ILO-en-strap
NORMLEX
Information System on International Labour Standards

Solicitud directa (CEACR) - Adopción: 2016, Publicación: 106ª reunión CIT (2017)

Convenio sobre la libertad sindical y la protección del derecho de sindicación, 1948 (núm. 87) - Filipinas (Ratificación : 1953)

Visualizar en: Francés - EspañolVisualizar todo

Article 2 of the Convention. Registration requirements for trade unions in the public sector. With regard to the allegations of the Center for United and Progressive Labor (SENTRO) that the requirements for union registration in the public sector are overly stringent, the Committee had requested the Government to provide information on any developments with regard to their review. The Committee notes the Government’s indication that the technical working group of the tripartite Public Sector Labour-Management Council (PSLMC) is finalizing the proposed amendment to the Implementing Rules and Regulations of Executive Order No. 180, which reduces the signature support requirement to 10 per cent of the rank-and-file employees in the organizational unit, and will then submit it to the PSLMC for its approval.

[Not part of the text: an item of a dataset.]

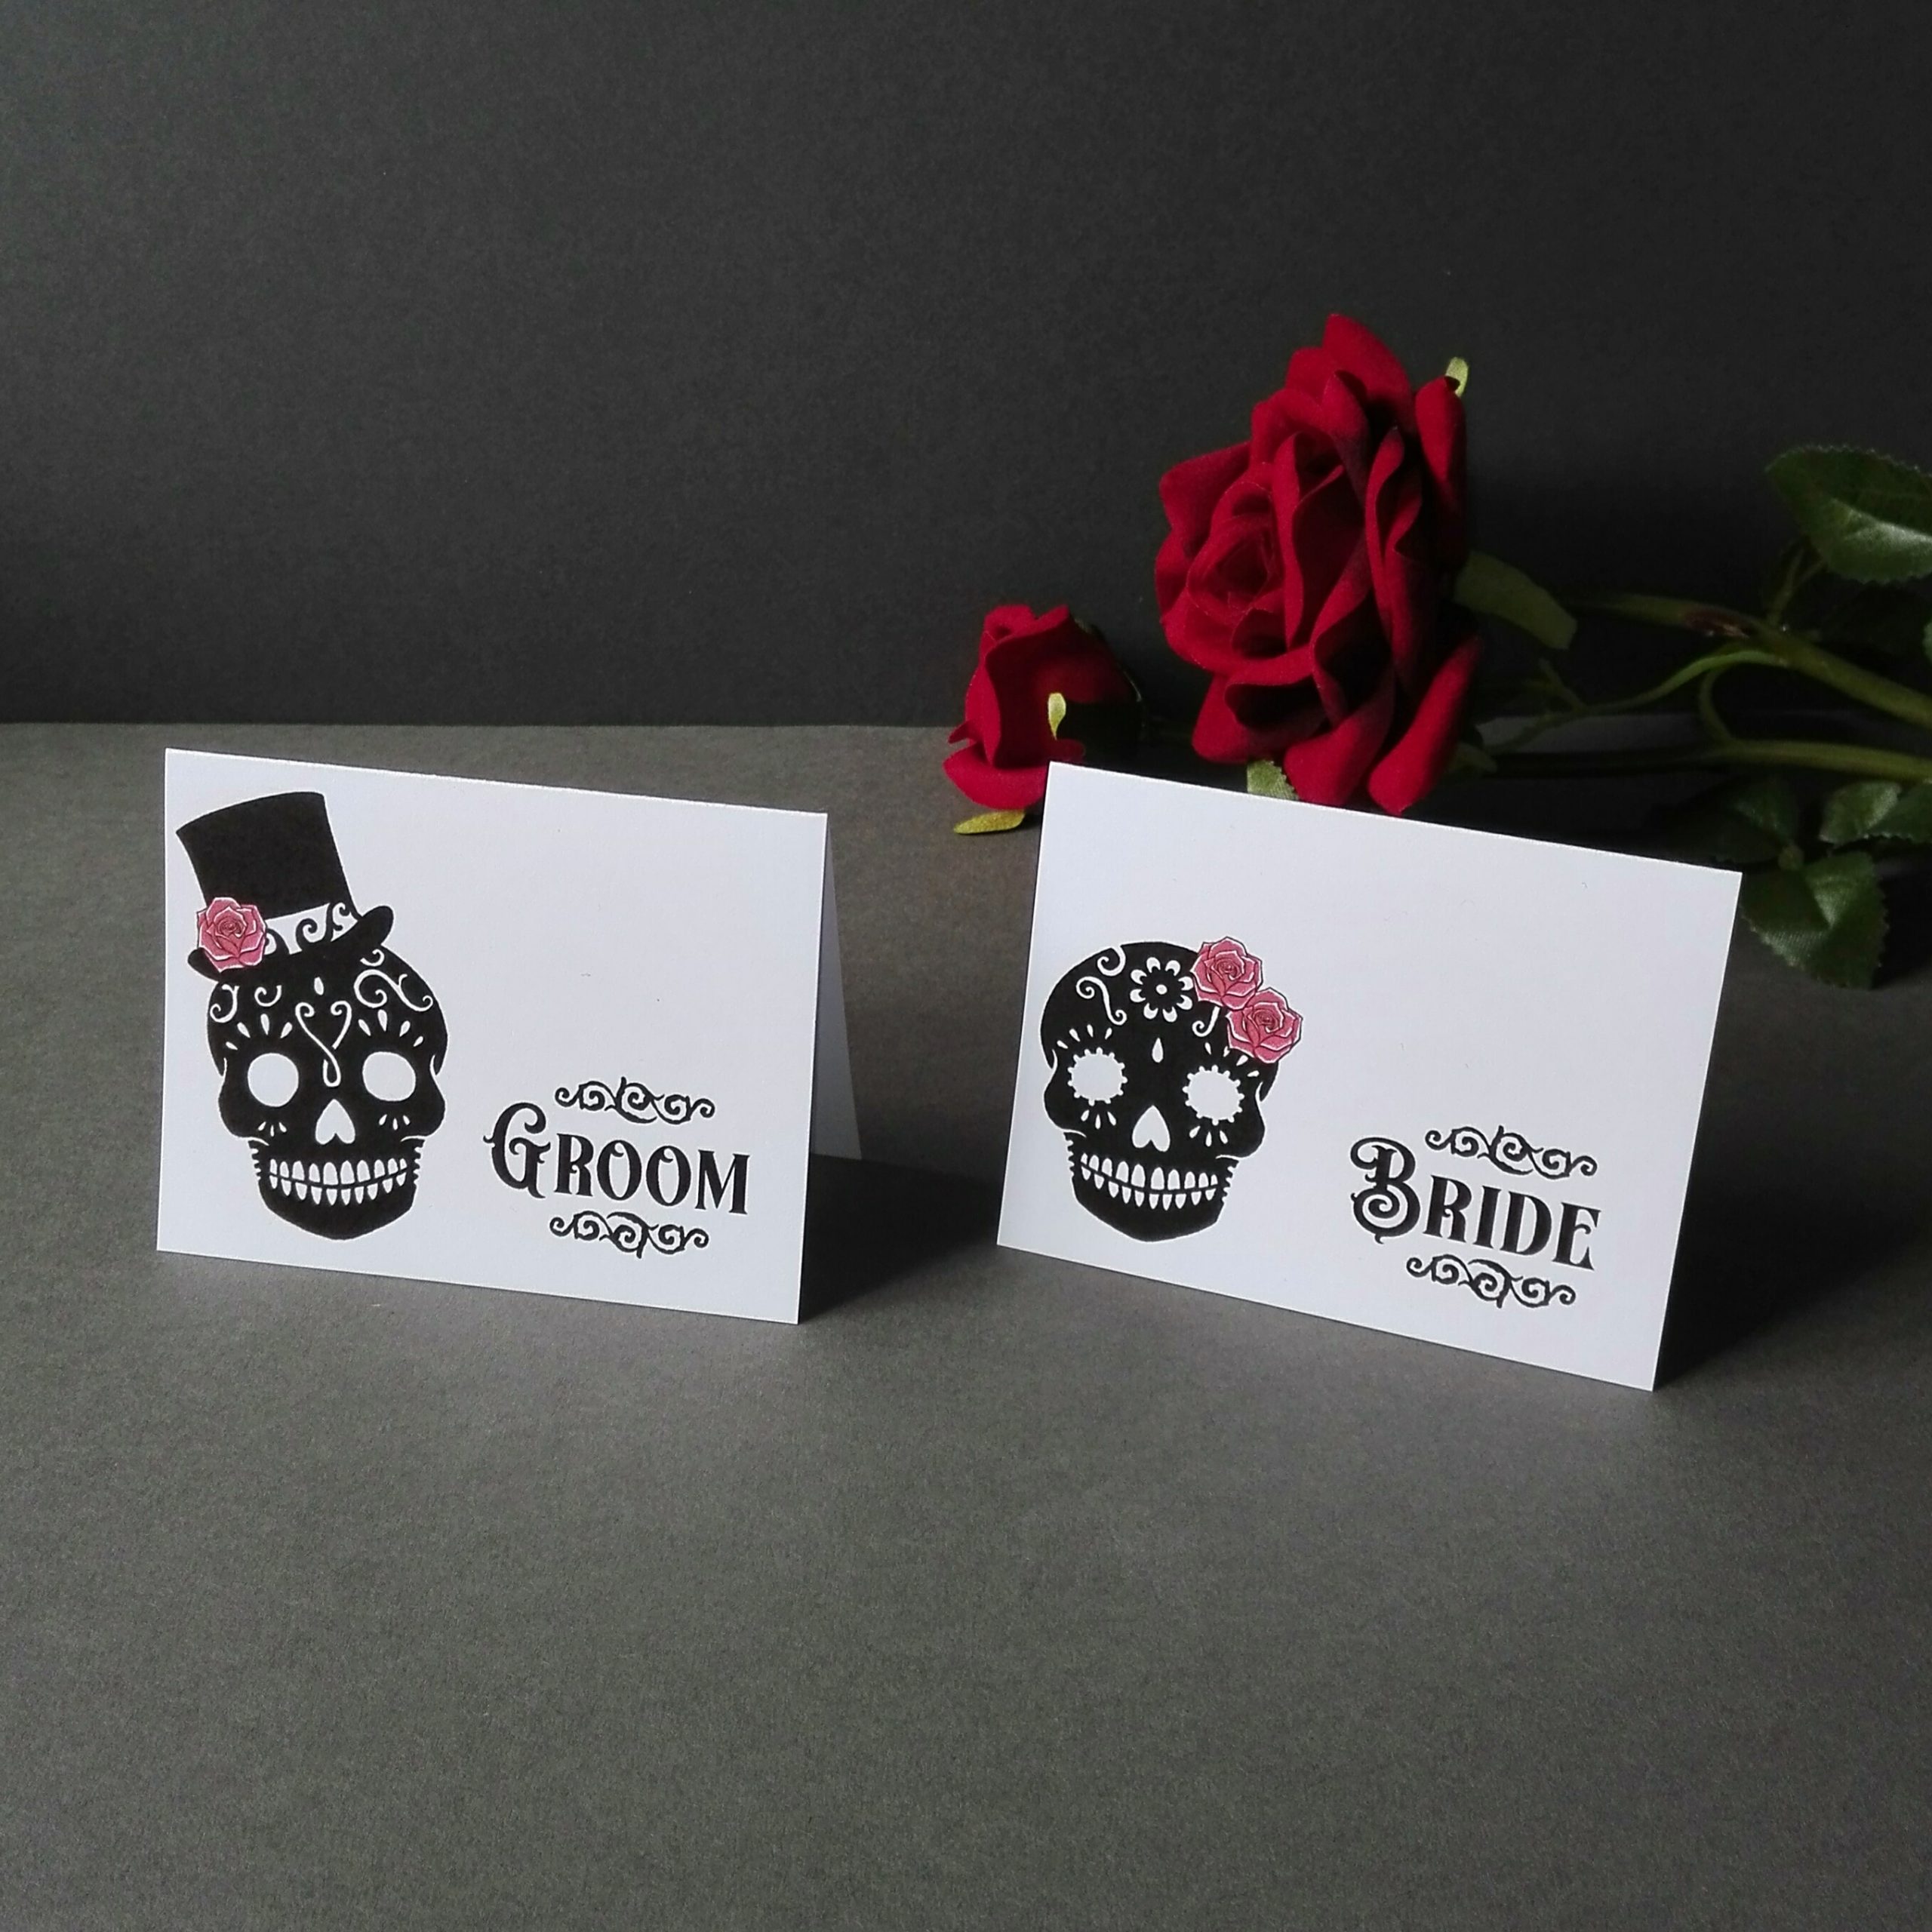 10 Red Sugar Skull Place Name Cards Rockabilly Tattoo Wedding Day of the Dead 
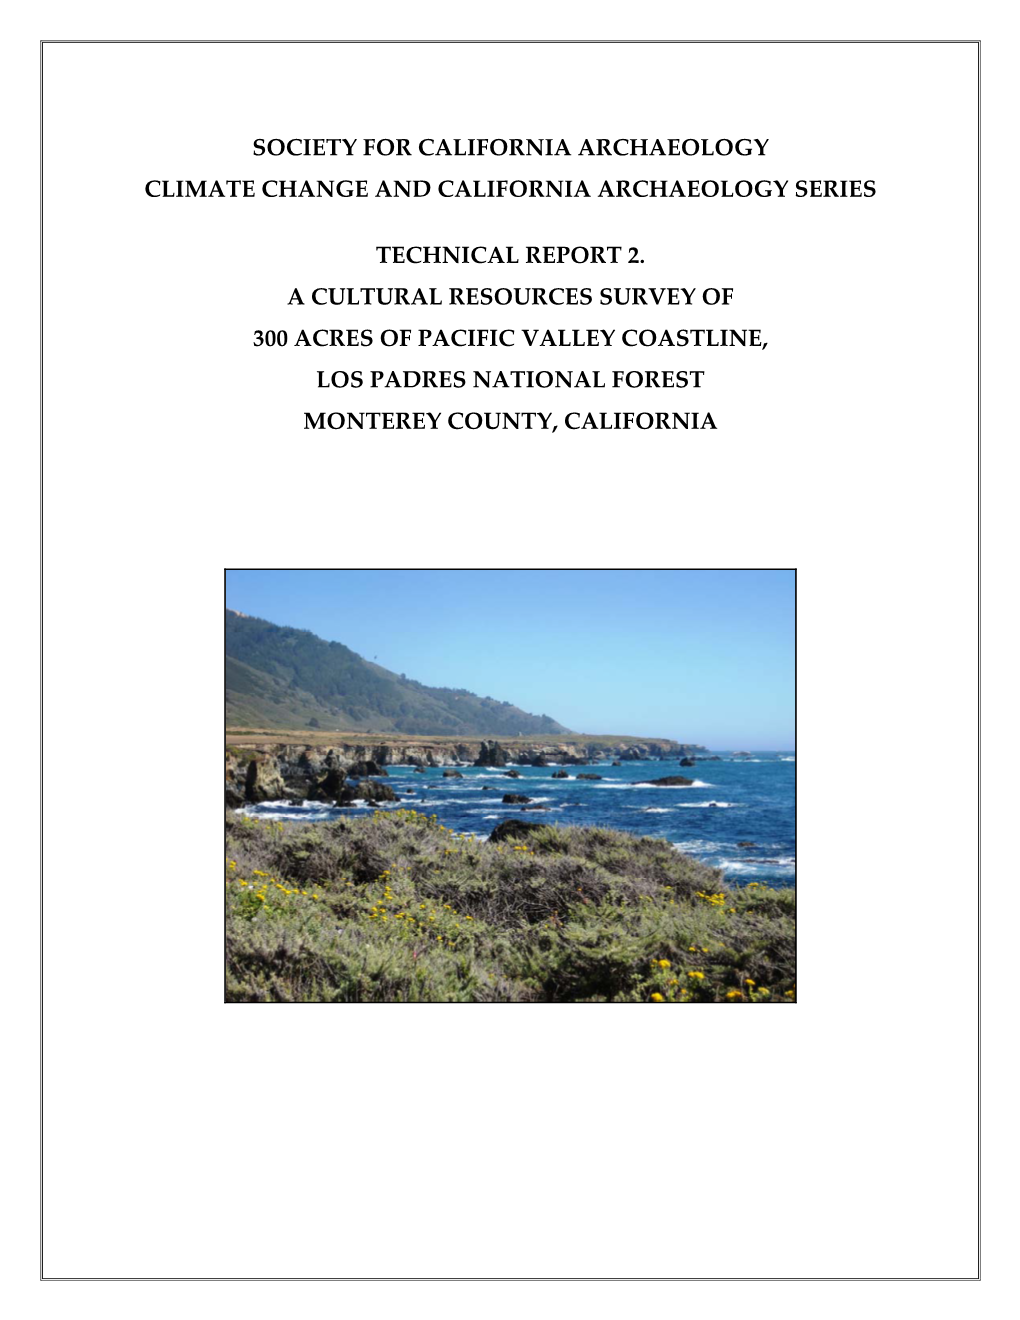 Technical Report 2. a Cultural Resources Survey of 300 Acres of Pacific Valley Coastline, Los Padres National Forest Monterey County, California

Considering that a 10 per cent requirement may still obstruct the right of workers to form trade unions, in particular in large organizational units, the Committee requests the Government to provide information on any developments regarding the review of registration requirements for trade unions in the public sector, in particular the extent to which the requirements viewed as onerous by the SENTRO are being streamlined, and to provide a copy of any new regulations adopted.
Article 3. Right of workers’ organizations to organize their administration and activities and to formulate their programmes without interference by the public authorities. The Committee previously noted that, under section 226 (now renumbered to section 232) of the Labour Code, the Bureau of Labor Relations (BLR) and the Labor Divisions in the Department of Labor and Employment (DOLE) regional offices, have the authority to act, either at their own initiative or upon request of either or both parties, on all inter-union and intra-union conflicts, and all disputes, grievances or problems arising from or affecting labour-management relations in all workplaces, except those arising from the implementation or interpretation of collective bargaining agreements. The Committee requested the Government to provide further information on the application of the above provision of the Labour Code in practice. The Committee notes the Government’s indication that: (i) section 232 is subject to the provisions of Act No. 10396, which institutionalizes the Single Entry Approach Program [SEnA] in all DOLE offices to de-judicialize the dispute settlement procedures and requires that all issues arising from labour and employment, including inter union and intra-union disputes (examples provided by the Government), be subject to 30-day mandatory conciliation-mediation; (ii) as of 31 March 2016, all filed inter- or intra-union disputes are initiated by union officers, members or employees, and there is no recorded inter- or intra-union dispute initiated by the BLR or the DOLE regional offices; and (iii) if the inter- and intra-union disputes are not settled, the cases shall be resolved by the BLR or the mediator arbiter in the regional offices. The Committee requests the Government to provide further details in relation to the procedure followed in the event that a dispute has not been settled during the 30-day mandatory conciliation-mediation, in order for the Committee to be able to assess the circumstances in which recourse to this mechanism might result in compulsory arbitration.